Recovery will support stock markets

Due in part to worries about inflation, stock markets have paused to catch their breath, but this development should be seen in light of their strong performance earlier in the year. The upside surprises that predominated in corporate earnings reports for the first quarter were not generally rewarded by higher share prices, but they still provide hope for strong earnings growth ahead. Also contributing to such hopes are robust macroeconomic statistics, especially purchasing managers’ indices.

Strong investor faith in a coming economic recovery is providing continued support to stock markets. Another contributing factor is that the upturn in US Treasury yields has levelled off. Most observers, including us, expect further small upturns in yields during 2021 and believe that sharp earnings increases among listed companies will provide sufficient support to share prices.

Excessively rapid and/or large yield increases may of course disturb this scenario. Likewise if production disruptions − such as the semiconductor and other component shortages reported by many companies − have an impact on corporate earnings. Despite these risks, we are sticking to our cautiously optimistic view of stock markets.

In our main scenario, we anticipate a clear economic recovery starting this spring or summer, with solid growth at least well into 2022.

In an economic recovery, cyclical value companies should be able to regain some lost ground, but looking further ahead the digitisation trend will continue to benefit growth companies. Sizeable worldwide investments in sustainability suggest that last year's strong performance for companies with this type of strategy may continue.
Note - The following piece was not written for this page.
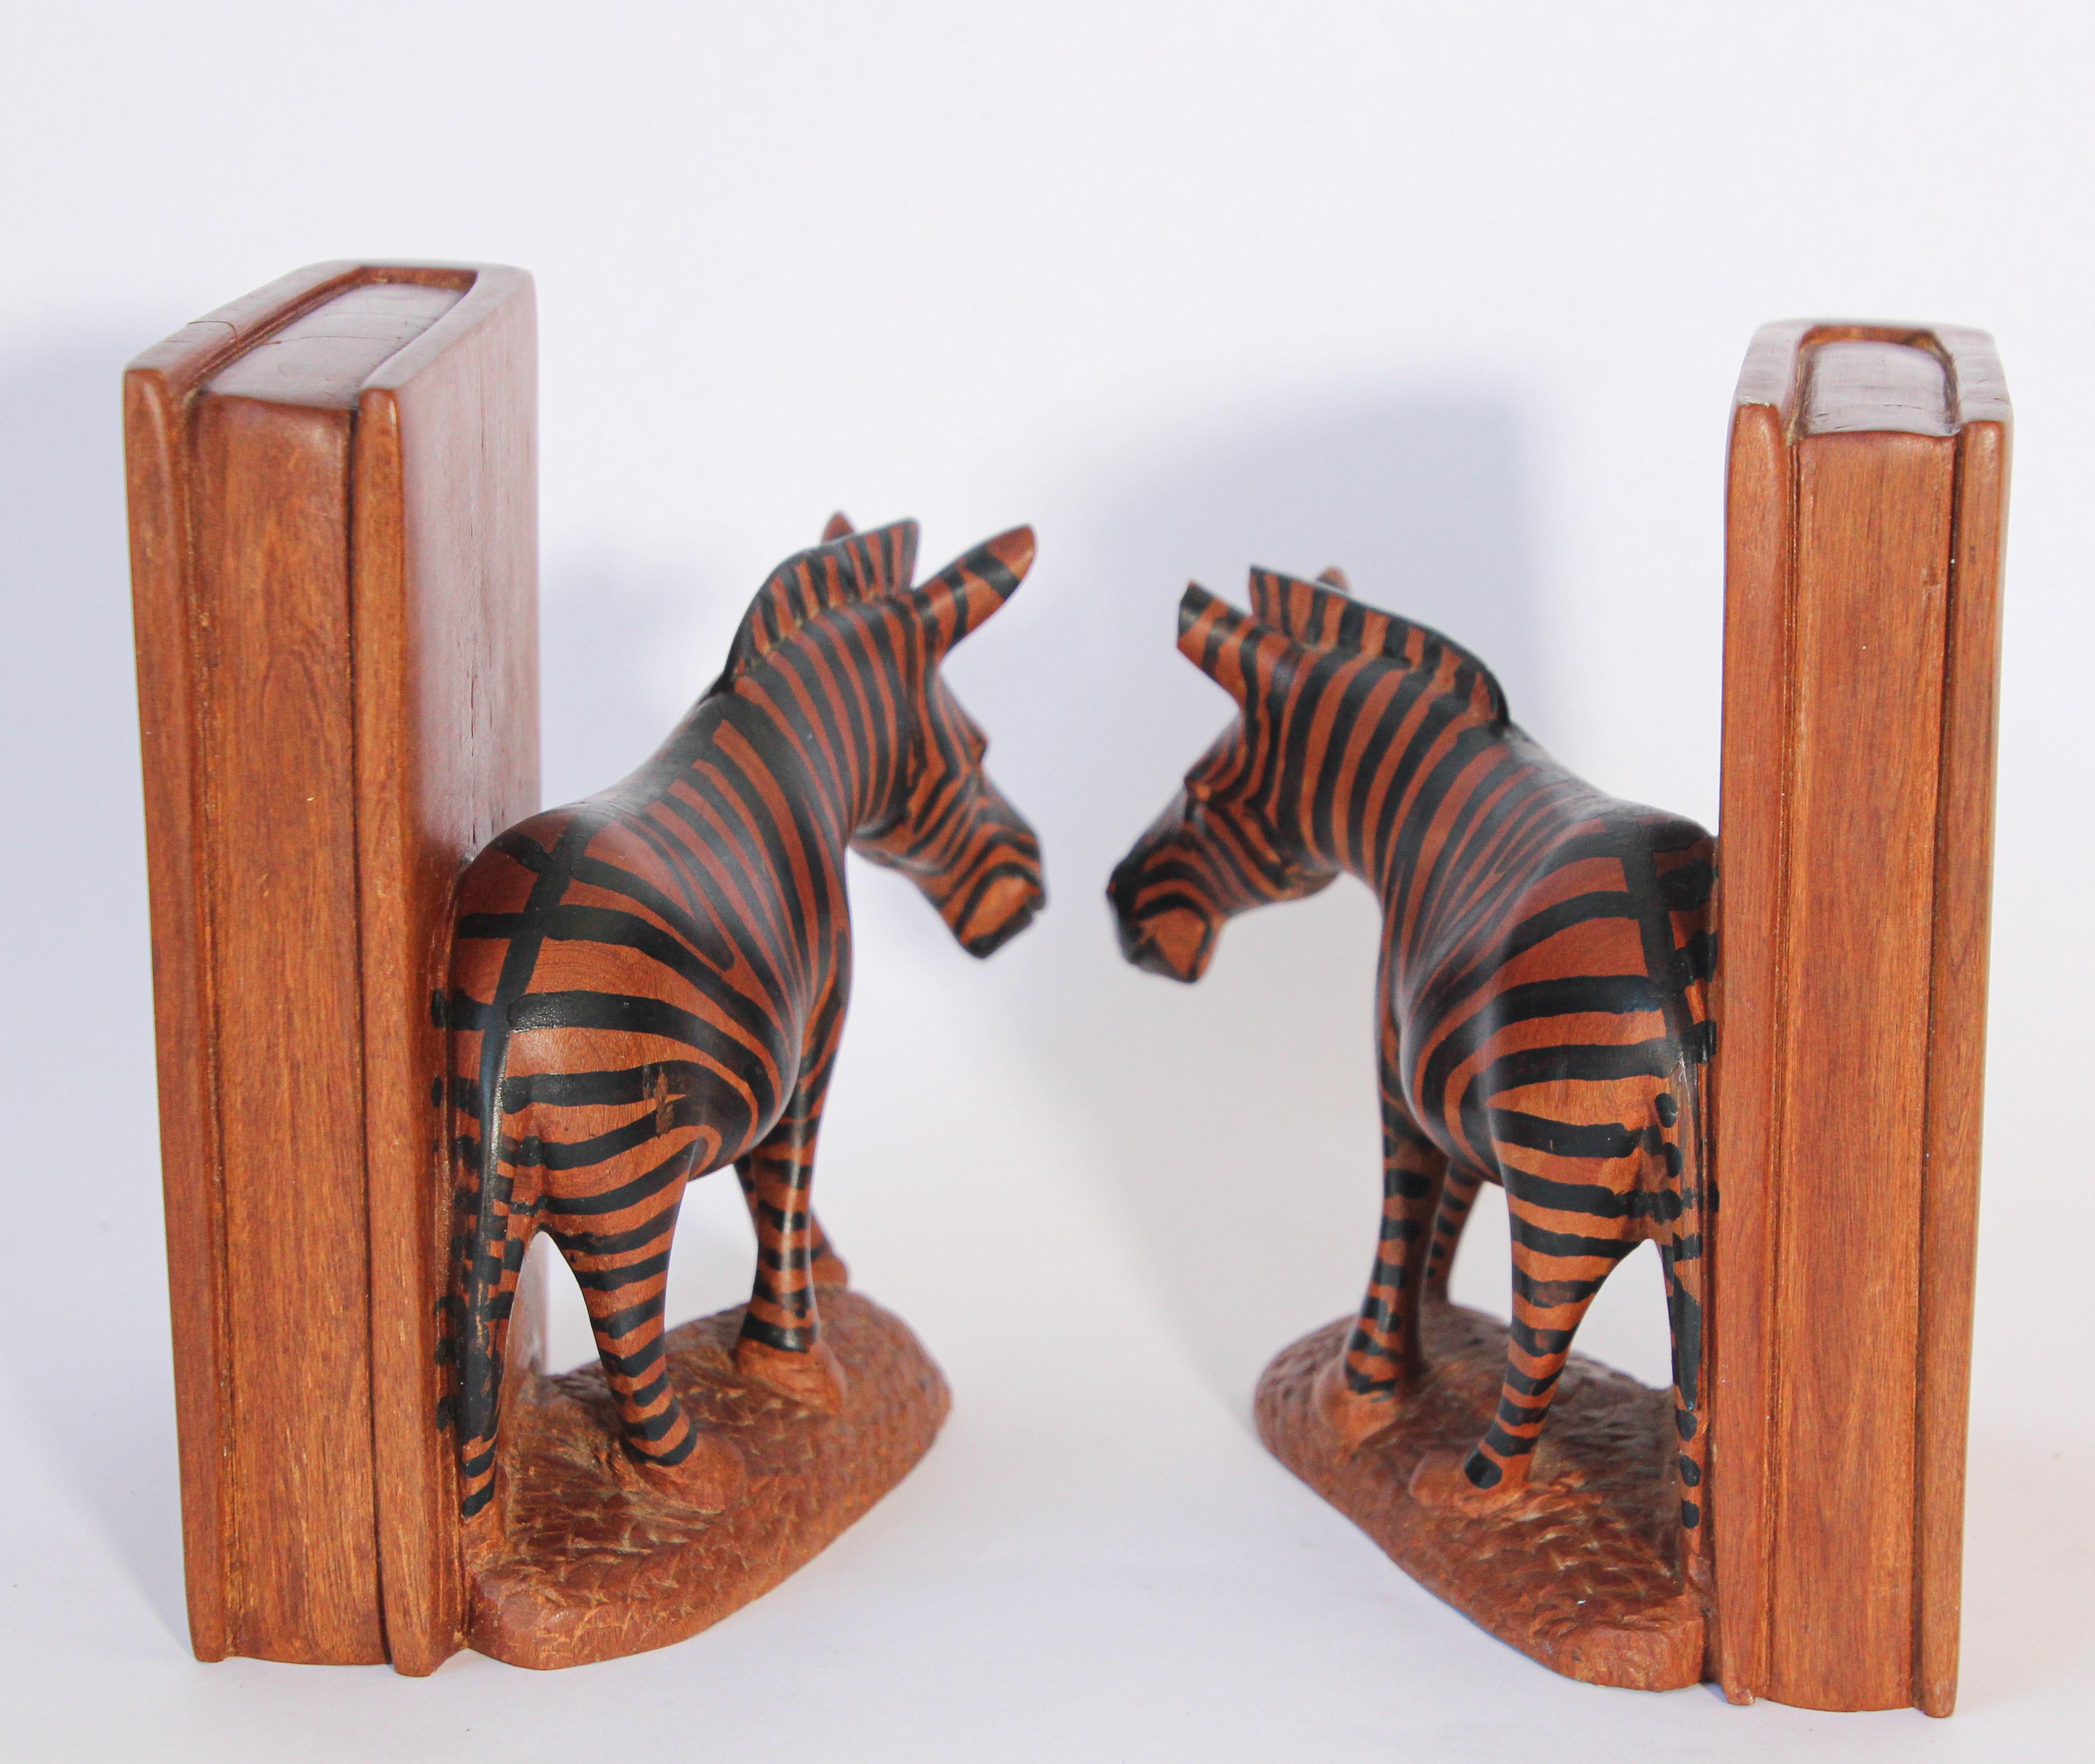 Hand-Carved Hand Carved African Zebra Bookends For Sale

Share valuations today are undoubtedly high from a historical perspective, but can be justified by lower interest rates and bond yields as well as a strong earnings outlook. These high valuations limit upside potential in the long term, but they are rarely a good signal to sell in a short-term perspective.

Continued potential, though a lot has been priced in

Given today's low interest rates and yields, it is hard to find good alternatives to stock market returns. Meanwhile, central banks and governments have established a floor by promising continued stimulus.
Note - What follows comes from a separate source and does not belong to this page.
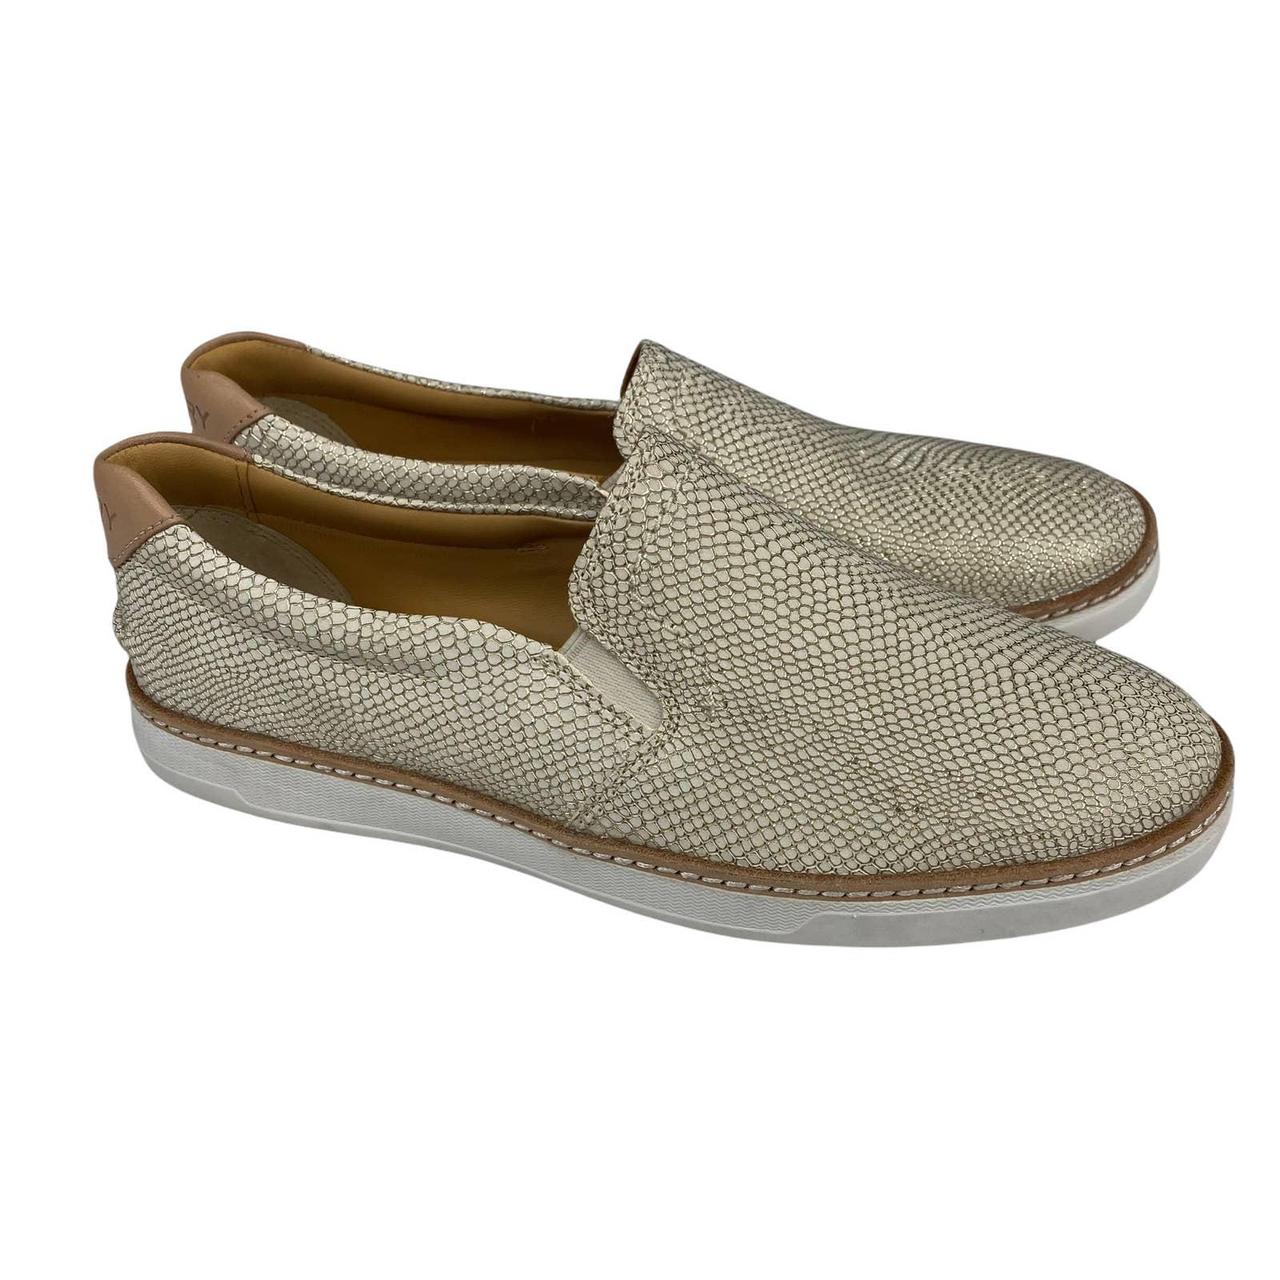 Sperry Women's White and Gold Loafers

This suggests that the growth picture will have to become much worse, causing downward adjustments in companies' earnings forecasts, and/or yields will have to climb much more than expected, for major stock market downturns to materialise. Recent market upturns naturally increase the risk of profit-taking, with downturns of 10% or perhaps 15%, yet we expect stock market indices to be a little higher this coming autumn than today.